О Максиме Максимовиче Гурьеве Быков уже знал, что он не только администратор Москонцерта, но и недавно стал содиректором совместной концертной организации «Мосрида», что расшифровывается как Москва-Флорида со всеми вытекающими отсюда последствиями. Устраивает совместные концерты рок-групп.

Быков пригласил раннего посетителя. Зайдя, Гурьев немедленно попросил разрешения закурить. И закурил гаванскую сигару.

– Где ваша дочь? Вы знаете, что ее нет в школе?

– Она больна, насколько мне известно.

– Как стало известно мне, ее нет в Москве.

– Вот как! – совершенно равнодушно буркнул Гурьев. – Это с ней порой бывает. Хотя… Обычно она со своим дружком уезжала во время детских каникул то в Крым, то на Пицунду, на Домбай или в Карпаты, смотря по сезону. А сейчас, значит, и каникул дожидаться не стала. А в чем, собственно, дело? Почему вдруг у вас, товарищ полковник, возник интерес, естественно, профессиональный, – значительно подчеркнул Гурьев, – к моей Вере? Что она могла натворить?

– Все это нам предстоит выяснить. Вы ждете звонка от Веры Максимовны?

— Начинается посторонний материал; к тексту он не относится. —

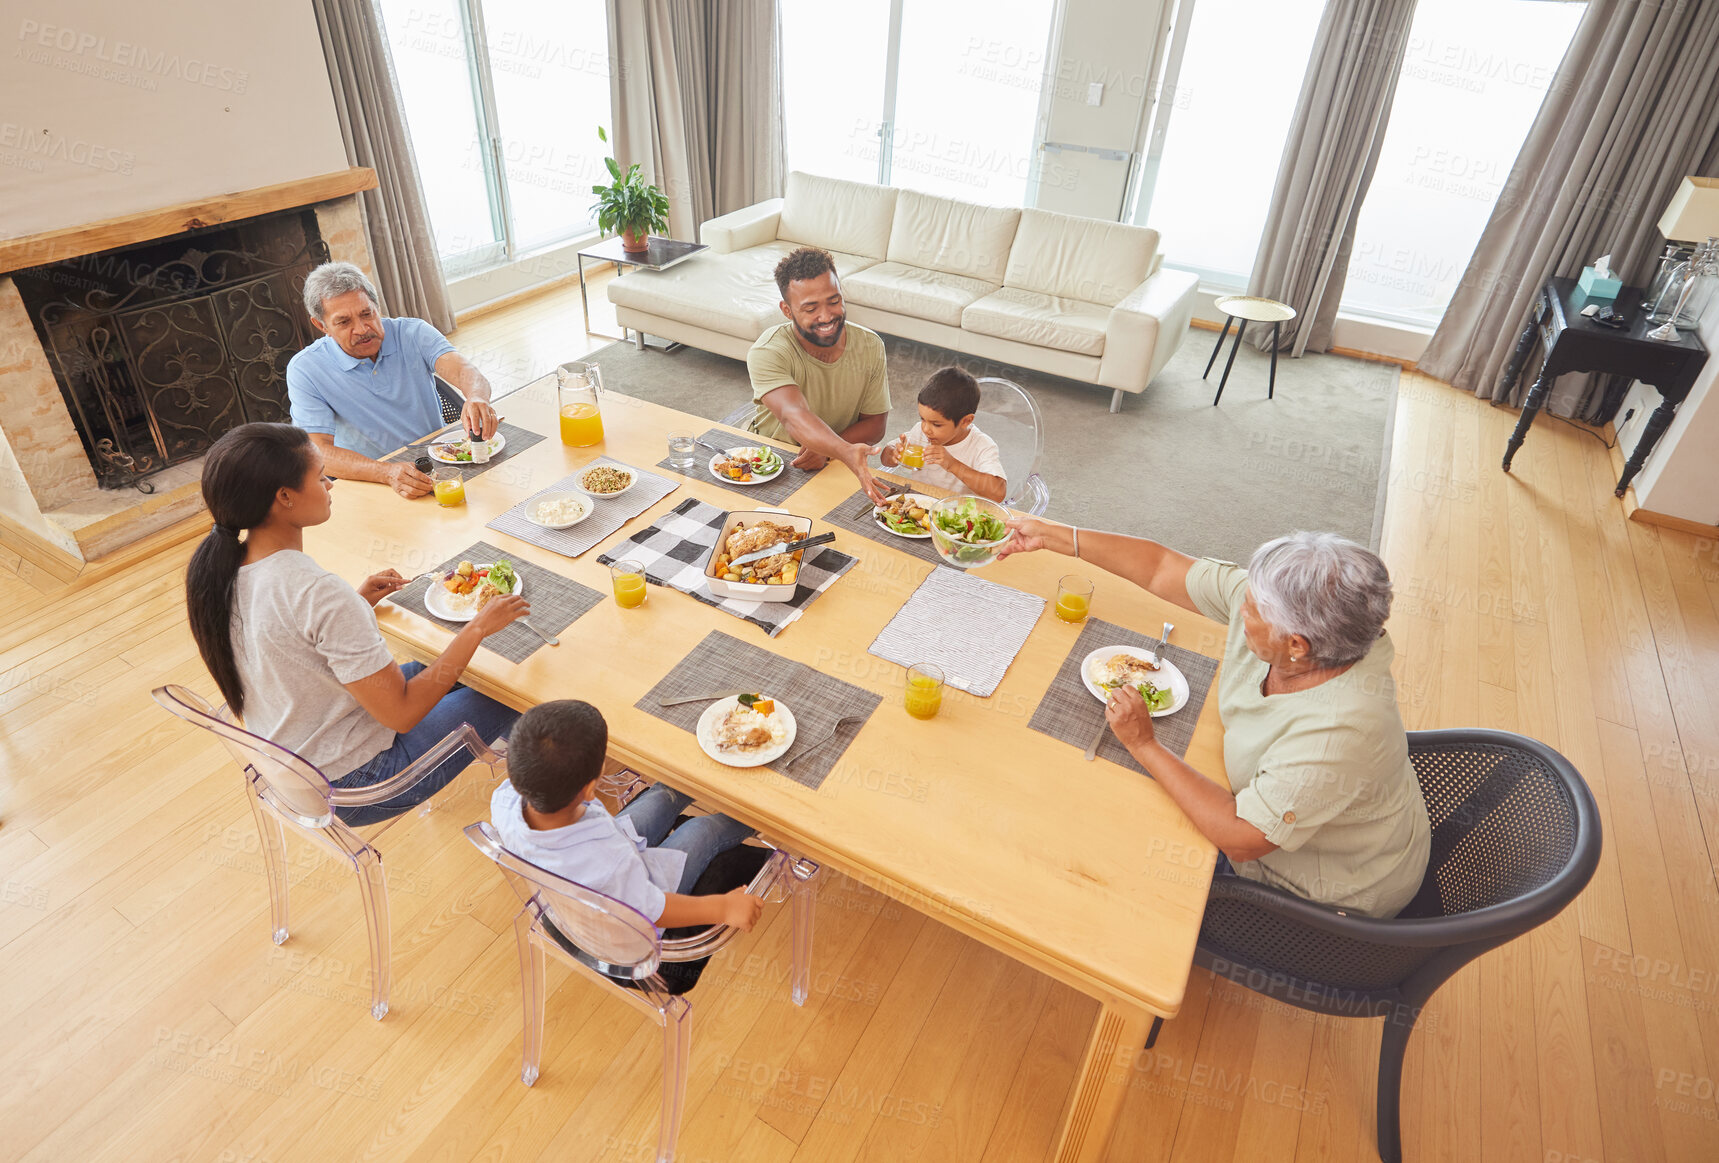 Buy stock photo Overhead view of a mixed race family sitting at a table having lunch  in the lounge at home. Hispanic grandparents having a meal with their kids and grandkids at home

Как обычно, отлучаясь, она телеграфирует?

– Ах, Боже мой… – сокрушенно вздохнул Гурьев, – молодежь нынче самостоятельная. Позвонит – спасибо, нет – так нет. Мы с матерью давно привыкли. А давать телеграмму! Это же на почту надо идти, целое дело, – он выразительно хмыкнул.

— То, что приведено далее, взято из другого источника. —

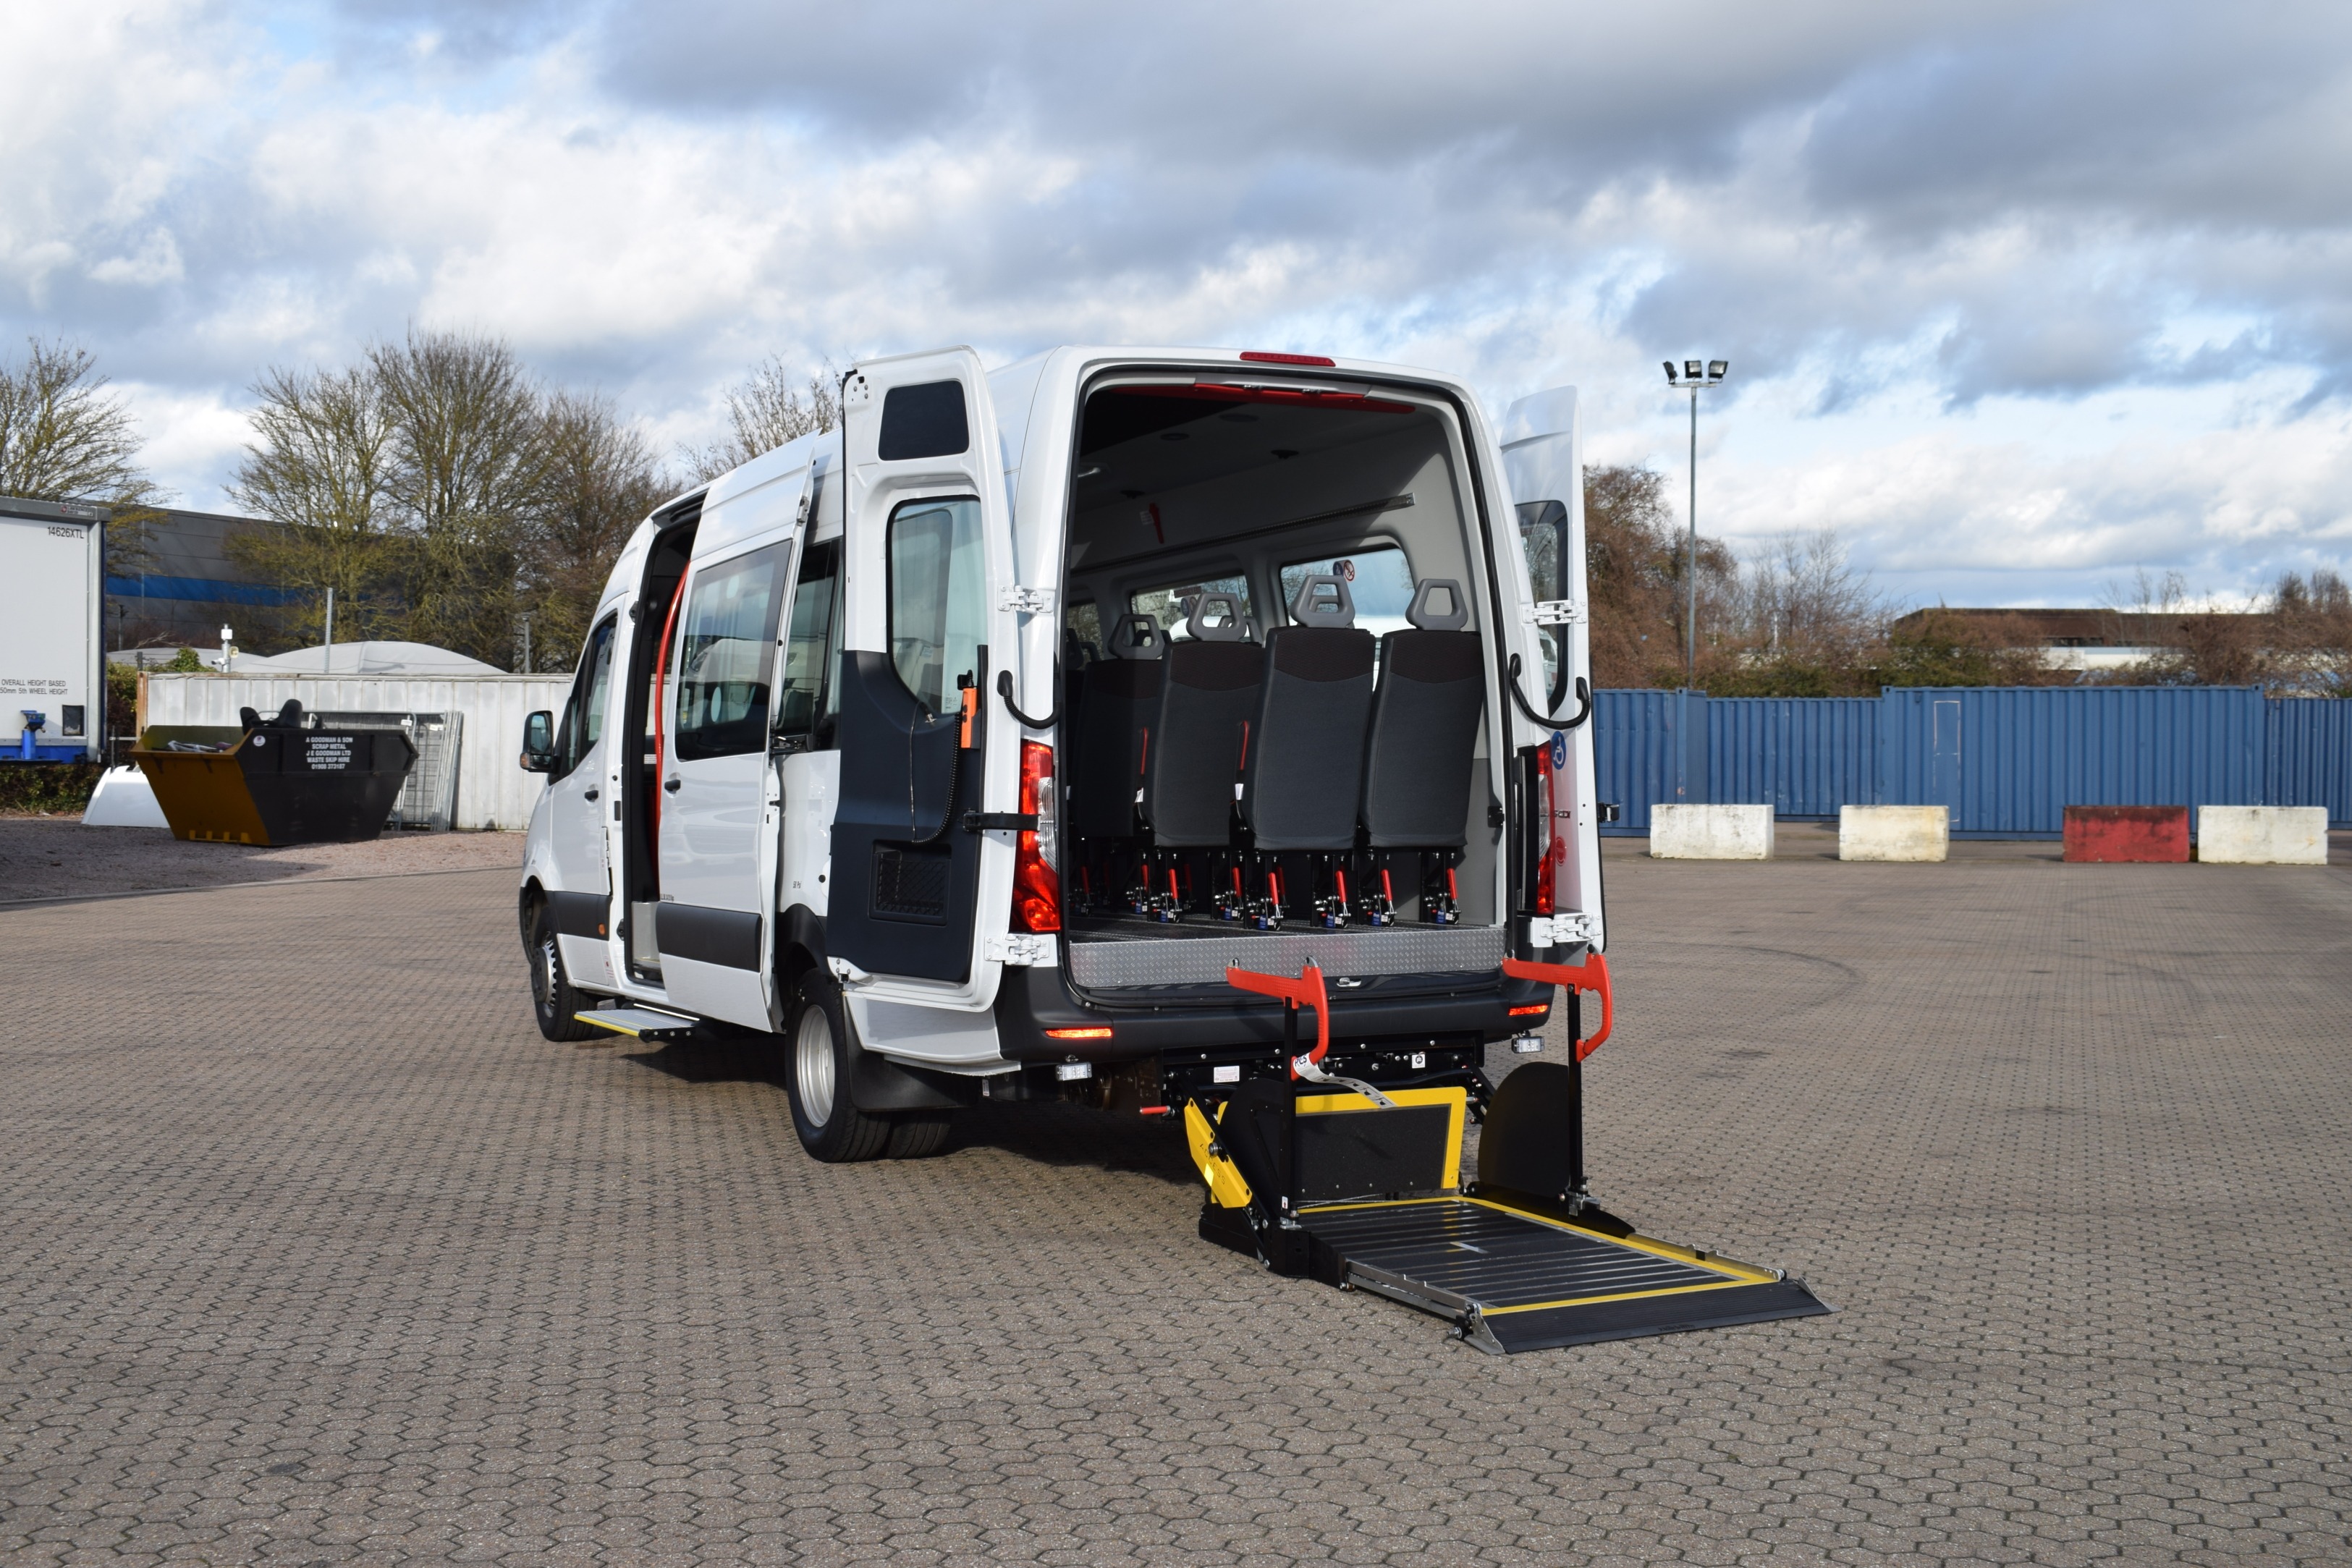 Dawsongroup bus and coach provides accessible transport solutions to a major UK council.

«Попробовала бы моя Ирина, – с раздражением подумал Быков, – вот эдак… Тоже самостоятельная, даже замужняя, ребенка имеет… Да я бы, я бы…» – но он не мог придумать, что бы он сделал со своей взрослой дочерью, если бы она не дала о себе знать, если б плюнула на родительское беспокойство, отцовскую и материнскую заботу. Что же за отношения в семье Гурьевых, если каждый сам по себе?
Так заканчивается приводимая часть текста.